Upon investigation, I've found reference to another localization file that can optionally exist in /themes/theme-name/locale/ but no information on how this file should be named. This comment uses /themes/CURRENT_THEME_NAME/locale/LANG.php to indicate this file, but what should LANG be? "en"? "en-US"? Something else? I've tried a number of things here but my change are not reflected in the UI the way they are when I use the file in /conf.

I can't find this information in the Vanilla documentation, but the docs are not searchable so I may be missing something.

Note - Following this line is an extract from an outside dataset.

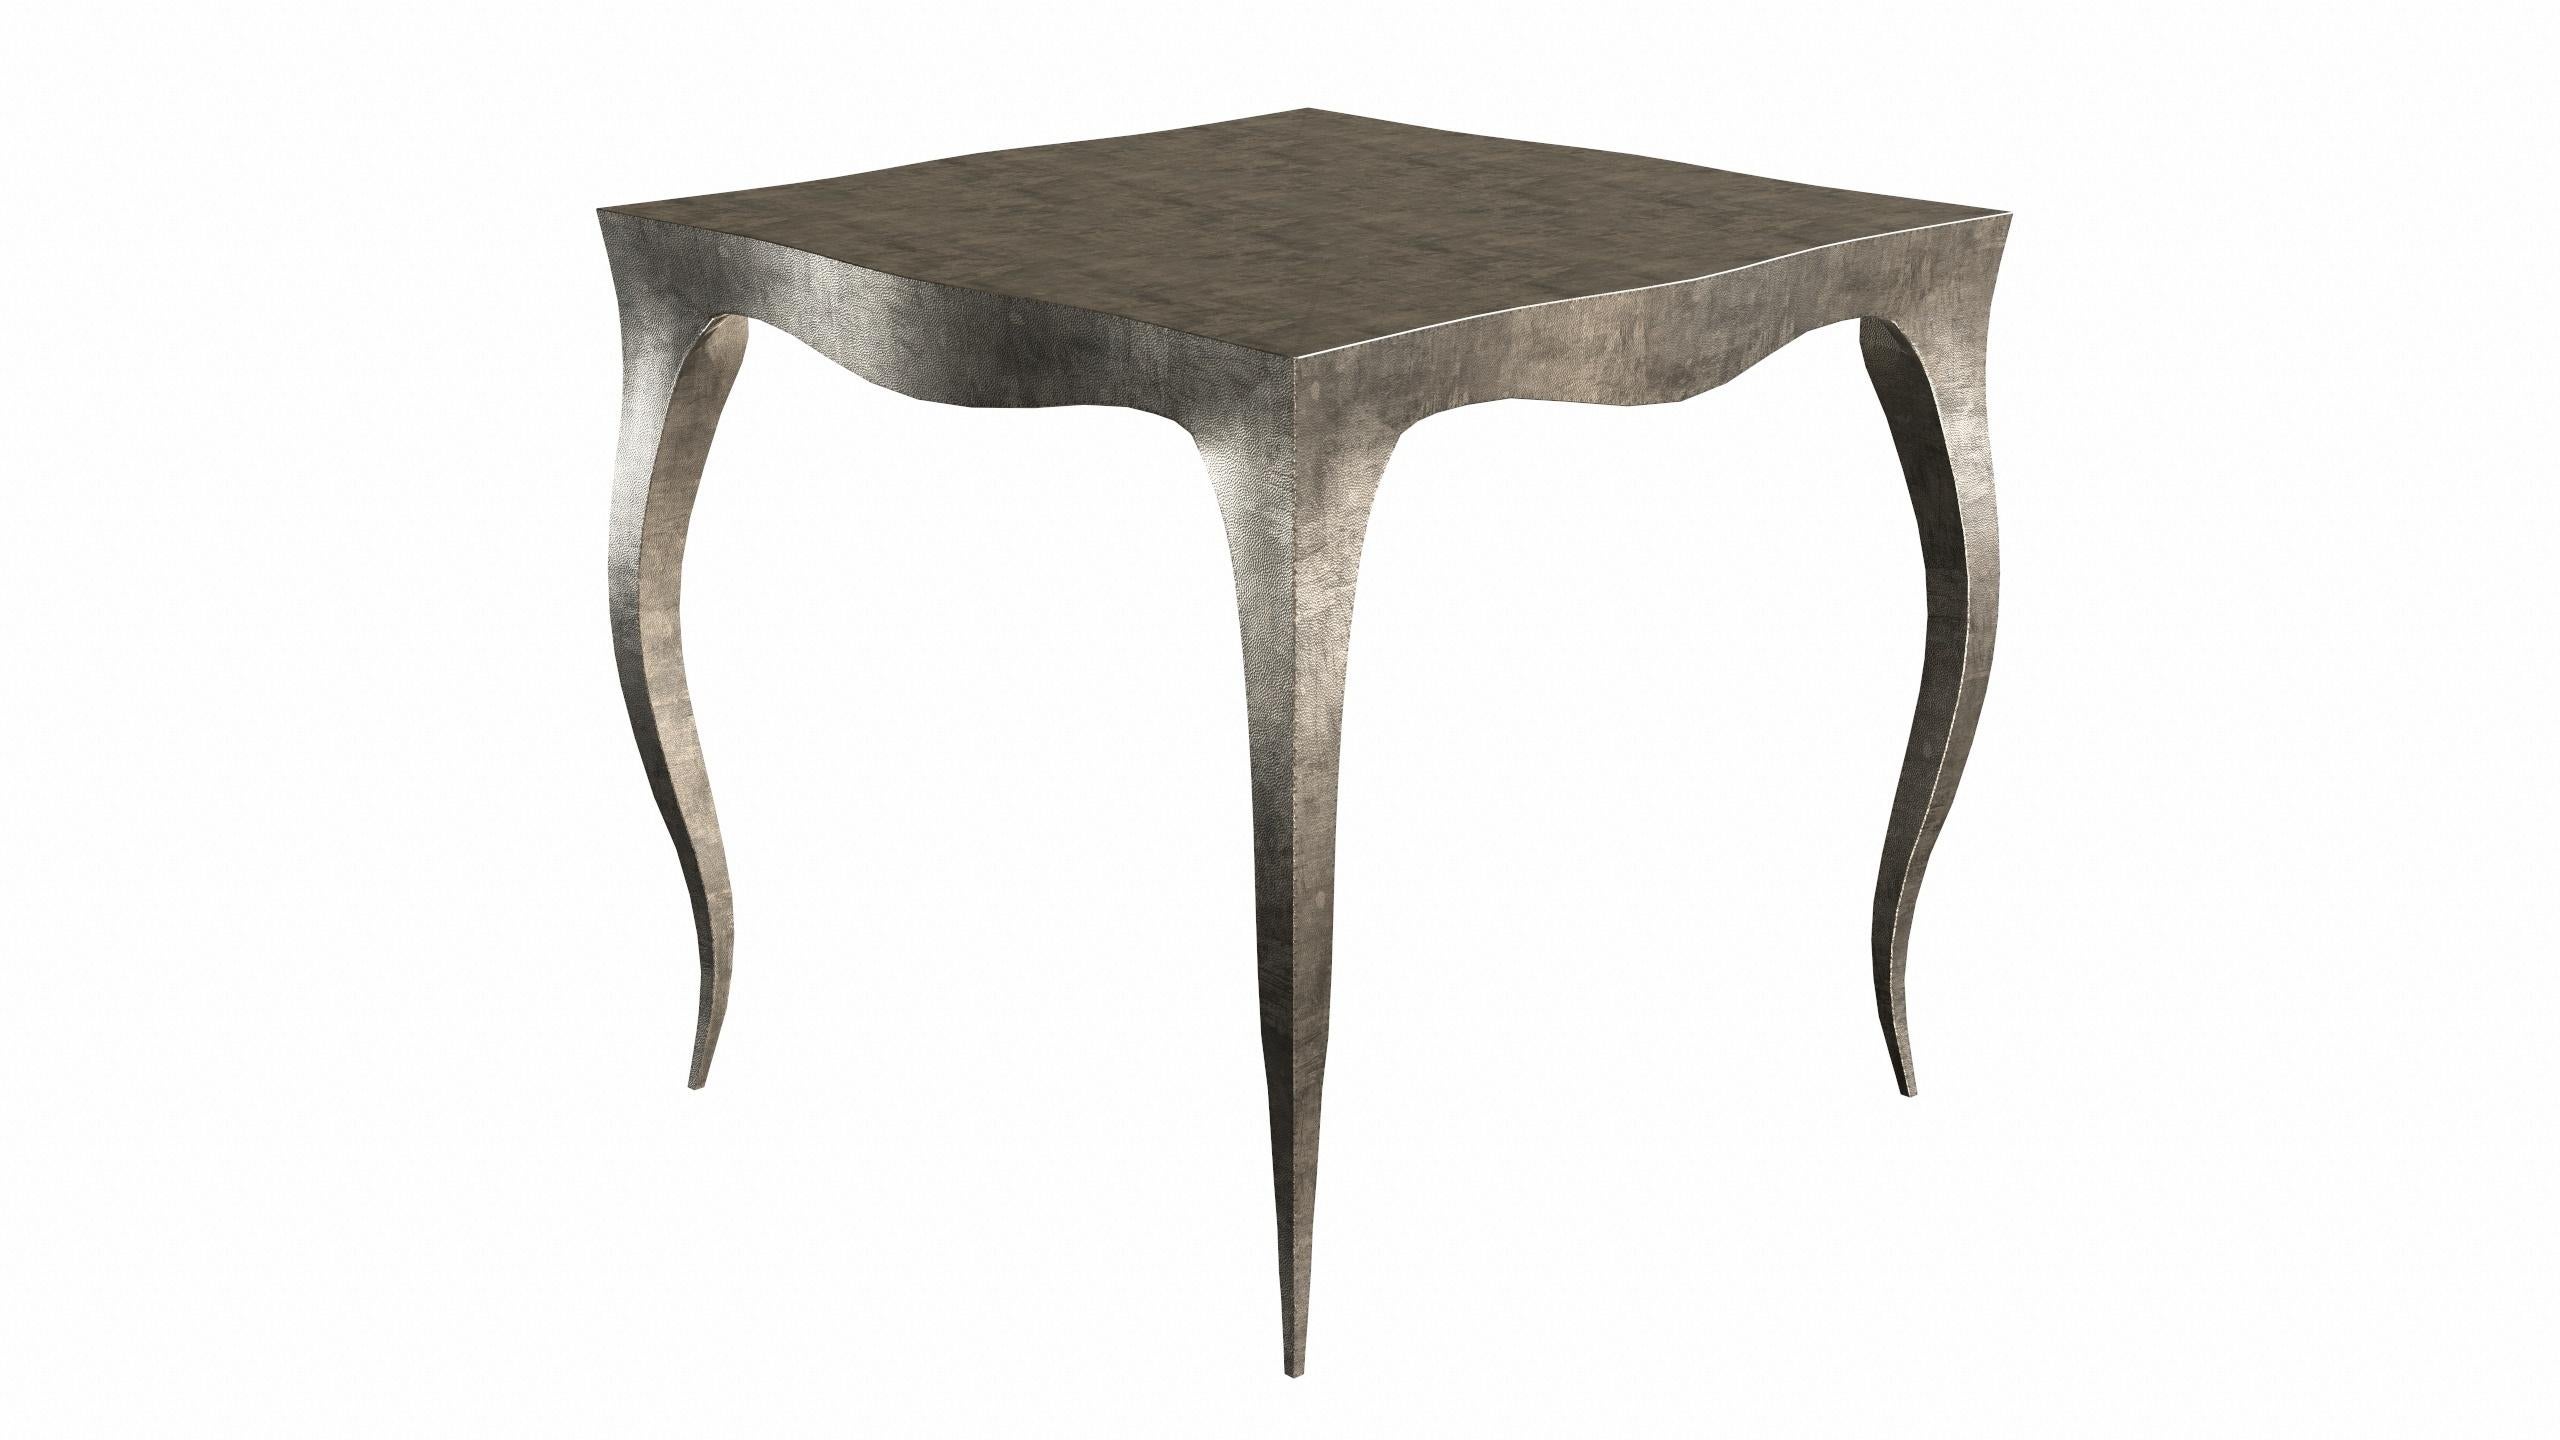 Metal Louise Art Deco Center Tables Mid. Hammered Antique Bronze by Paul Mathieu For Sale

What is the correct and upgrade-safe way to add these translations?

Thanks.

Comments

  • msikmamsikma New
    edited December 2010
    Hi there,

    I couldn't find any documentation on this either so I went and checked the responsible library files.

    It seems that:
    • The code only checks for the existence of /themes/CURRENT_THEME_NAME/locale/LANG.php. Other files are ignored.
    • Presumably only standard RFC 1766 locale names are accepted. The default is en-CA. German would be de_DE, Dutch nl_NL. You should be able to easily find a list of possible values somewhere on Google.
    • In order for the changes to take effect, you must delete the /cache/locale_map.ini file!
    If the cache file exists, it will not even check if there are new files to be used.
  • edited December 2010
    Thanks, I was tripped up in two places. First, I didn't know about the locale cache file; second, I found that the locale is hard-coded to en-CA in /conf/config-defaults.php.

    So to fix my problem, I:

    1. Added this line to /conf/config.php:

    $Configuration['Garden']['Locale'] = 'en-US';

    2. Added my translation strings to /themes/THEME_NAME/locale/en-US.php

    3. Deleted /cache/locale_map.ini and reloaded the page.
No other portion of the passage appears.